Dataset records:
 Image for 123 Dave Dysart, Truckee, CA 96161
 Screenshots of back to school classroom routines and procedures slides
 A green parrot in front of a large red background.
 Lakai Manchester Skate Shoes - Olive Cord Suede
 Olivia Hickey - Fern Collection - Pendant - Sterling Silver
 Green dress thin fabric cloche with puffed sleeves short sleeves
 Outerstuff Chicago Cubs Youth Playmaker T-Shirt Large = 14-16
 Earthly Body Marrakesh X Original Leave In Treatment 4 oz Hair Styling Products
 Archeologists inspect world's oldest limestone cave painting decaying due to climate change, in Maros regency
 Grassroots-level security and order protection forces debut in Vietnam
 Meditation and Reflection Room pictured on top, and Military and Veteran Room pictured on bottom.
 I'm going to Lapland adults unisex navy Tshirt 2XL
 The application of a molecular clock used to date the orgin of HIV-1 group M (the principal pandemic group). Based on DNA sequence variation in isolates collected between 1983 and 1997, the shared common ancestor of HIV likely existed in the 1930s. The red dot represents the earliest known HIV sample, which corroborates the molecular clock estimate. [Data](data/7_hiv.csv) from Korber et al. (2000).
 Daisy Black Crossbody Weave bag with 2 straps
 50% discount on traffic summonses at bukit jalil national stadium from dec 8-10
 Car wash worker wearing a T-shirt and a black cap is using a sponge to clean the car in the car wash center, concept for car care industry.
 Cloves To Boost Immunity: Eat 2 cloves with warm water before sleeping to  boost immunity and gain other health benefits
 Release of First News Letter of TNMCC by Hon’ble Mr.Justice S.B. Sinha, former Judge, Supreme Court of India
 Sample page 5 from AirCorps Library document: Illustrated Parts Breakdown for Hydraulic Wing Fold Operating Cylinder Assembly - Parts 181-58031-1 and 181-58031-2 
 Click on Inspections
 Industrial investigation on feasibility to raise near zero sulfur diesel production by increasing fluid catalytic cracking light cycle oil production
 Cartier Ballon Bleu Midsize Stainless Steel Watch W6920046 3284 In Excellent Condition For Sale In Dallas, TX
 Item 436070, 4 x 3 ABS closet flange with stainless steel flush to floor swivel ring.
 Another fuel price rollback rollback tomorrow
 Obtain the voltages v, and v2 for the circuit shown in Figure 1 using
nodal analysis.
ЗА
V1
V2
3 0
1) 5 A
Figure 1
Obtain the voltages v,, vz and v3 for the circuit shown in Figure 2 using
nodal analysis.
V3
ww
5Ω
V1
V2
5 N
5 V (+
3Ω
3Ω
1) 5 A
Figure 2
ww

__WHAT NEEDS TO BE DONE__
Reproduce the data, keeping every line exactly the same.

__ANSWER SECTION__
 Image for 123 Dave Dysart, Truckee, CA 96161
 Screenshots of back to school classroom routines and procedures slides
 A green parrot in front of a large red background.
 Lakai Manchester Skate Shoes - Olive Cord Suede
 Olivia Hickey - Fern Collection - Pendant - Sterling Silver
 Green dress thin fabric cloche with puffed sleeves short sleeves
 Outerstuff Chicago Cubs Youth Playmaker T-Shirt Large = 14-16
 Earthly Body Marrakesh X Original Leave In Treatment 4 oz Hair Styling Products
 Archeologists inspect world's oldest limestone cave painting decaying due to climate change, in Maros regency
 Grassroots-level security and order protection forces debut in Vietnam
 Meditation and Reflection Room pictured on top, and Military and Veteran Room pictured on bottom.
 I'm going to Lapland adults unisex navy Tshirt 2XL
 The application of a molecular clock used to date the orgin of HIV-1 group M (the principal pandemic group). Based on DNA sequence variation in isolates collected between 1983 and 1997, the shared common ancestor of HIV likely existed in the 1930s. The red dot represents the earliest known HIV sample, which corroborates the molecular clock estimate. [Data](data/7_hiv.csv) from Korber et al. (2000).
 Daisy Black Crossbody Weave bag with 2 straps
 50% discount on traffic summonses at bukit jalil national stadium from dec 8-10
 Car wash worker wearing a T-shirt and a black cap is using a sponge to clean the car in the car wash center, concept for car care industry.
 Cloves To Boost Immunity: Eat 2 cloves with warm water before sleeping to  boost immunity and gain other health benefits
 Release of First News Letter of TNMCC by Hon’ble Mr.Justice S.B. Sinha, former Judge, Supreme Court of India
 Sample page 5 from AirCorps Library document: Illustrated Parts Breakdown for Hydraulic Wing Fold Operating Cylinder Assembly - Parts 181-58031-1 and 181-58031-2 
 Click on Inspections
 Industrial investigation on feasibility to raise near zero sulfur diesel production by increasing fluid catalytic cracking light cycle oil production
 Cartier Ballon Bleu Midsize Stainless Steel Watch W6920046 3284 In Excellent Condition For Sale In Dallas, TX
 Item 436070, 4 x 3 ABS closet flange with stainless steel flush to floor swivel ring.
 Another fuel price rollback rollback tomorrow
 Obtain the voltages v, and v2 for the circuit shown in Figure 1 using
nodal analysis.
ЗА
V1
V2
3 0
1) 5 A
Figure 1
Obtain the voltages v,, vz and v3 for the circuit shown in Figure 2 using
nodal analysis.
V3
ww
5Ω
V1
V2
5 N
5 V (+
3Ω
3Ω
1) 5 A
Figure 2
ww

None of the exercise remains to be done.